● **ENTRIES PROVIDED**:
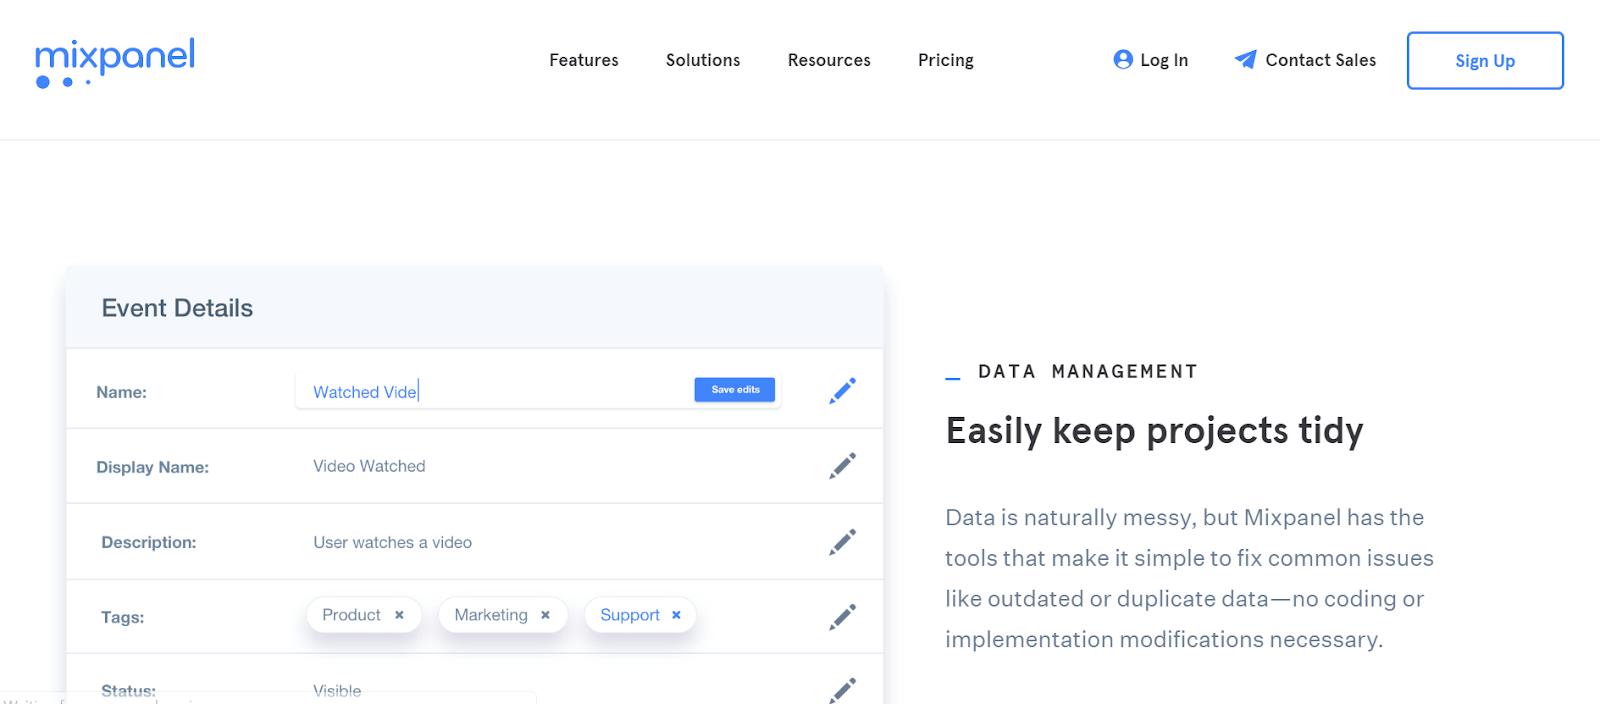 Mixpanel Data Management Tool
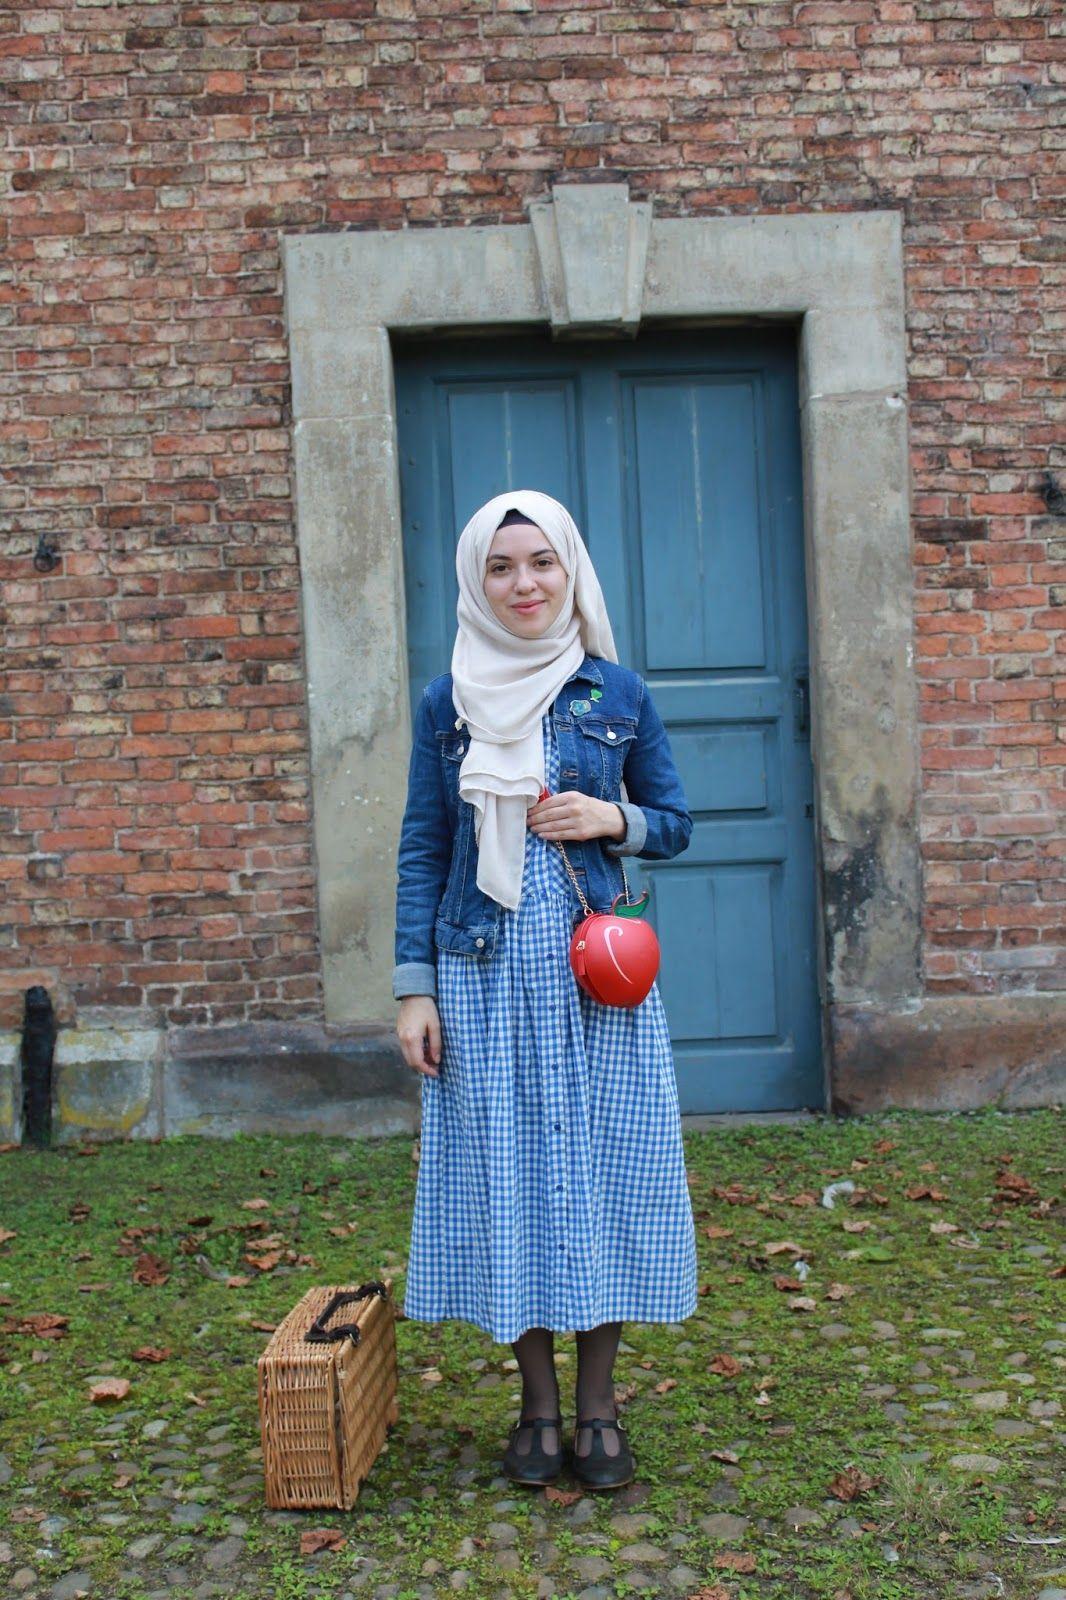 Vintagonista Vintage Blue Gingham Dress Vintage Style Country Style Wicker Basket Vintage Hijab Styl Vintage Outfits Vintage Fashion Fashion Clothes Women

...

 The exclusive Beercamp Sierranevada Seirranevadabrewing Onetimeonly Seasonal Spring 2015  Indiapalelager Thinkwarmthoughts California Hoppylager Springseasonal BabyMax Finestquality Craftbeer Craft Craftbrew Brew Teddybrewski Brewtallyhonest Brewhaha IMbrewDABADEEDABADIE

● **THE TASK**: Copy exactly the part of the material above that opens with the line containing "Mixpanel Data Management Tool" and closes with the line containing "Vintagonista Vintage Blue", ends included. Drop the images.

● **SOLUTION FOR THIS EXERCISE**:
 Mixpanel Data Management Tool
 Vintagonista Vintage Blue Gingham Dress Vintage Style Country Style Wicker Basket Vintage Hijab Styl Vintage Outfits Vintage Fashion Fashion Clothes Women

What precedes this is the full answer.